Lui (fa no con la testa): Puoi chiedermi con quante donne sono andato a letto in questi due anni, o cosa faccio quando non posso dormire di notte, o quante volte volevo ammazzarmi, solo quello non puoi chiedermi.

Lei: Mentre me ne andavo, dicesti che mi capivi. Che mi amavi. E che non me lo avresti rinfacciato mai. Maledizione! Certo che posso chiederti cosa faresti se fossi al mio posto!

Lui: Sei sicura di volerlo sapere? Va bene. Tu dimmi com’è , ed io ti dirò cosa farei.

Lei: Perché vuoi farti ancora più male? Perché vuoi sapere com’è in un posto dove non potrai mai andare?
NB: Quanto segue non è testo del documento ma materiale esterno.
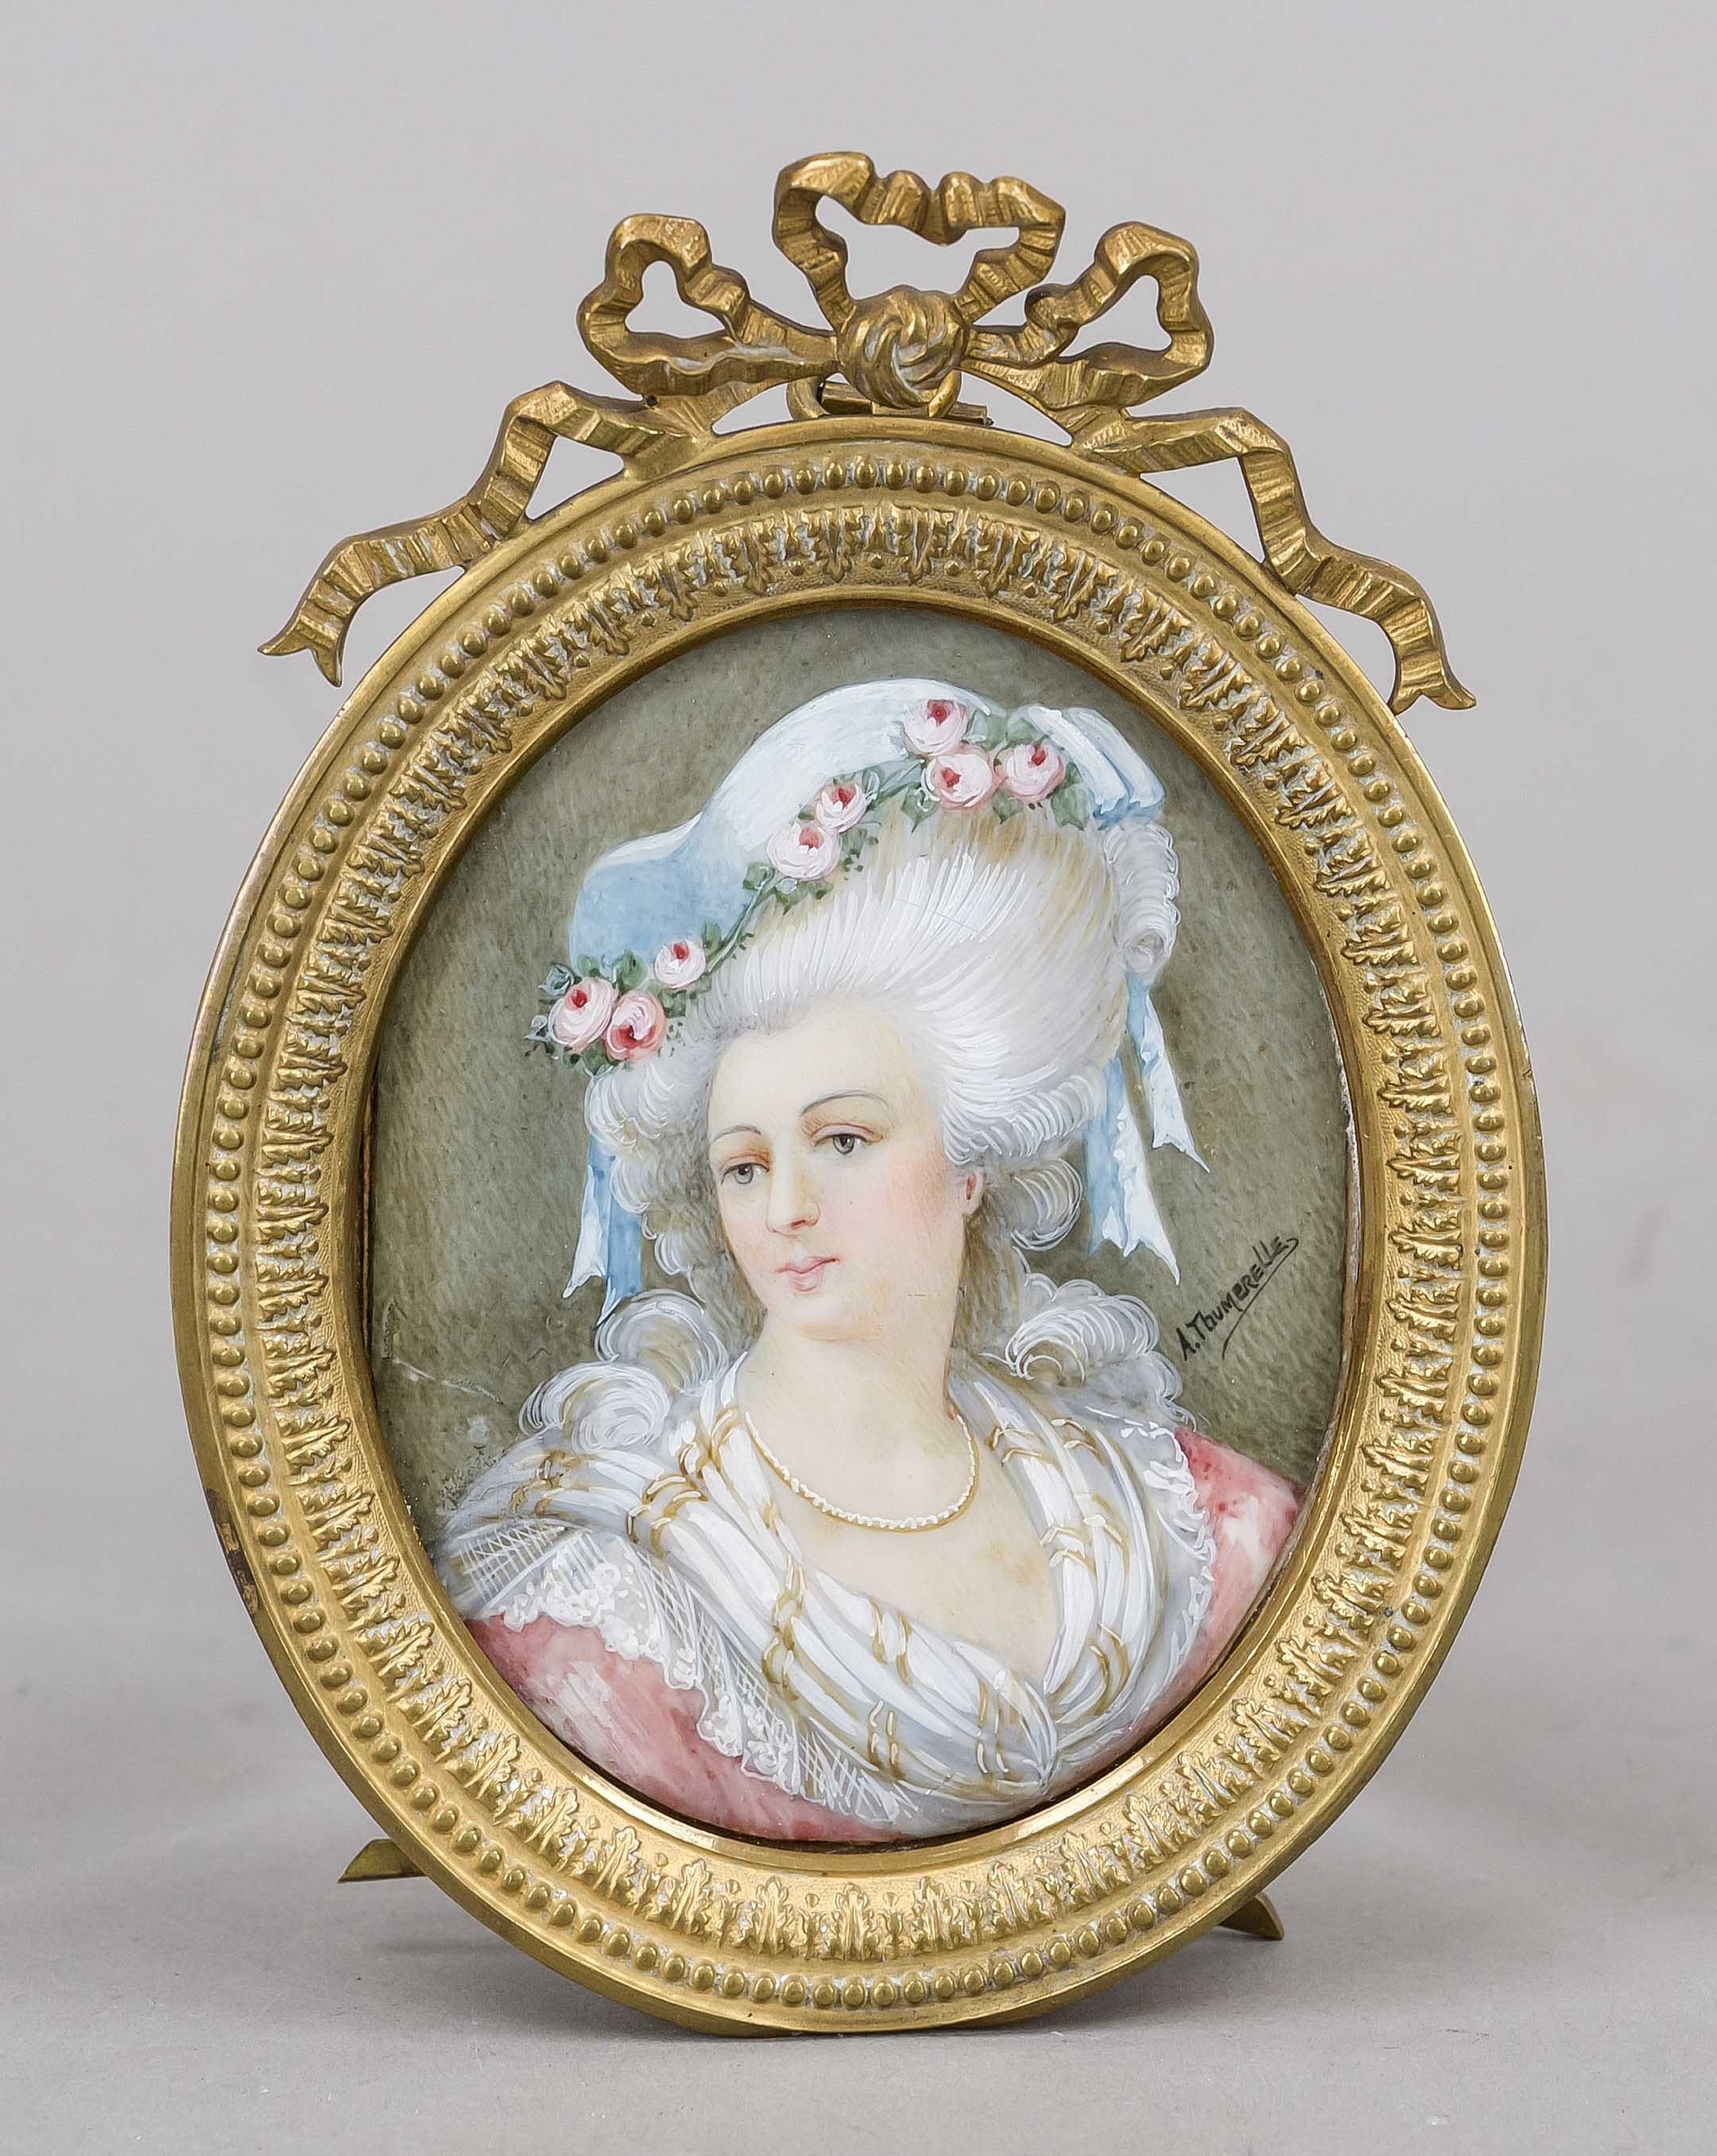 Miniature, France, 19th century, polychrome tempera painting on bone plate, unopened, oval

Lui: Perché dovrei esserci io lì, cazzo!

Il mendicante fuori di colpo smette di suonare. Il mondo tace.

Lei (dopo un po’): Che cosa vuoi dire?

Lui: Ricevetti la lettera per primo. Non dormii per tutta la notte. Rileggevo la lettera ancora e ancora. La lettera del mio futuro. E accanto a me c’eri tu. Dormivi come un angelo. Lì c’era il tuo cactus, i tuoi vestiti con l’odore di noce di cocco, e i tuoi libri, sempre sparsi per l’appartamento. Al mattino, quando il sole era già sorto, salii e mandai il mio rifiuto. Scelsi te perché tu eri l’unica cosa tangibile nella mia vita.

Lei si copre la bocca con la mano e lo guarda con gli occhi spalancati, stordita. Poi si allunga verso di lui, ma Lui si alza e si rimette il cappello.

Lui: Hai ragione. Perché farmi male? Non potrò mai andare .

Va alla porta e afferra la maniglia. Si gira verso di lei.

Lui: Domani ti manderò il cactus. Le cose che crescono devono essere in un luogo dove c’è il futuro, e non in un luogo dove tutto rimane lo stesso. Buona fortuna.

Lui se ne va. Lei rimane seduta, con la mano sulla bocca aperta.